**HINTS & TIPS**

**Q: **How can the lateral implant
straggle be tuned separately to the vertical implant profile?

**A:** When using the analytical implant tables
in **ATHENA** the default model for the lateral implant range
assumes a gaussian profile with a standard deviation equal to the
vertical standard deviation (delta Rp) read from the table. This
approximation is reasonable for amorphous implant substrates. This
includes cases where the implant beam has been amorphised by a screen
oxide or is implanted at a high angle.

Tuning of the lateral implant range can be done by specifying the lateral standard deviation prior to the implant:

MOMENTS ...... LSTD.DEV=<value>

IMPLANT ......

However this is cumbersome to use in many
cases since the `MOMENTS` statement
requires explicit definition of the implant dose and energy and
all the vertical implant parameters. Therefore it is more convenient
to use a unit less scaling parameter `LAT.RATIO1 `on
the` IMPLANT` statement to multiply
the default lateral straggle by a factor. The default for
`LAT.RATIO1` is 1.0 so to slightly
increase the lateral straggle of an arsenic implant the following
syntax might be used:

IMPLANT ARSENIC DOSE=<v> ENERGY=<v> LAT.RATIO1=1.2 PRINT.MOM

This `PRINT.MOM` parameter
is included as a useful check. It prints the implant moments used
into the run-time output. Figure 1 shows the effect of adjusting
only `LAT.RATIO1.` The vertical
implant depth is constant while the lateral implant straggle can
be tuned to match electrical results.

Figure 1. Using the LAT.RATIO1 parameter to tune lateral implant range.

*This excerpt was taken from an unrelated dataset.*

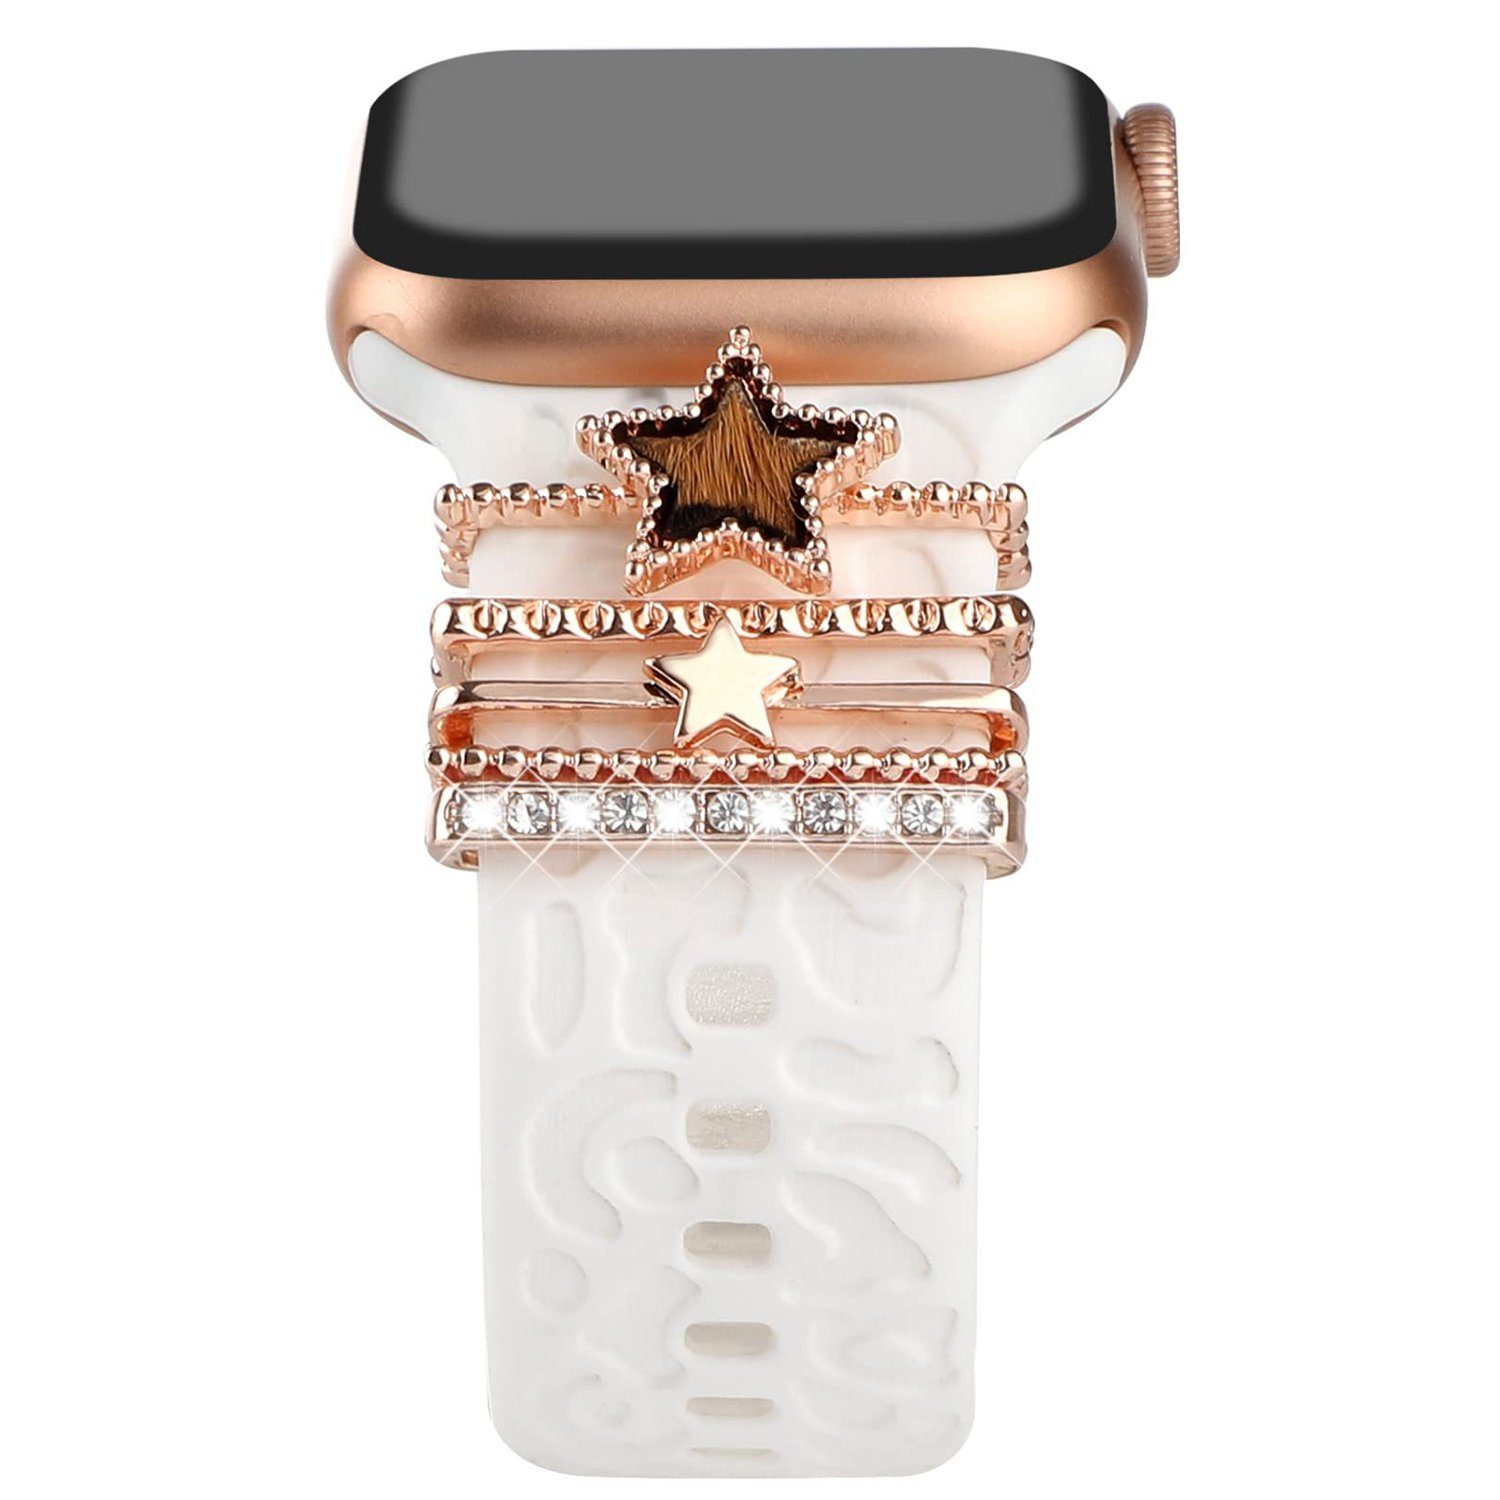 MAGICSHE Uhrenarmband Armband dekorativer Ring Für Apple Watch, Armband Zubehör

For implants that are normally modeled with
a dual pearson distribution (eg. the SVDP Model) a separate lateral
straggle is used for each of the two Pearson distributions. This
means for an implant using the SVDP Model there is a separate lateral
straggle for the main and secondary dopant distributions. Since
the secondary distribution in the Dual Pearson is from ion channeled
through the lattice, the lateral straggle of these ions is much
reduced. By default it is equivalent to 0.2 times the standard deviation
of the secondary Pearson distribution (`SSTD.DEV`).
For most implants the lateral range of the
two Pearson distributions are difficult to distinguish in 2D, an
artificial case in Figure 2 is used to demonstrate.

Figure 2. Demonstration f different lateral straggle of channeled and non-channeled ions.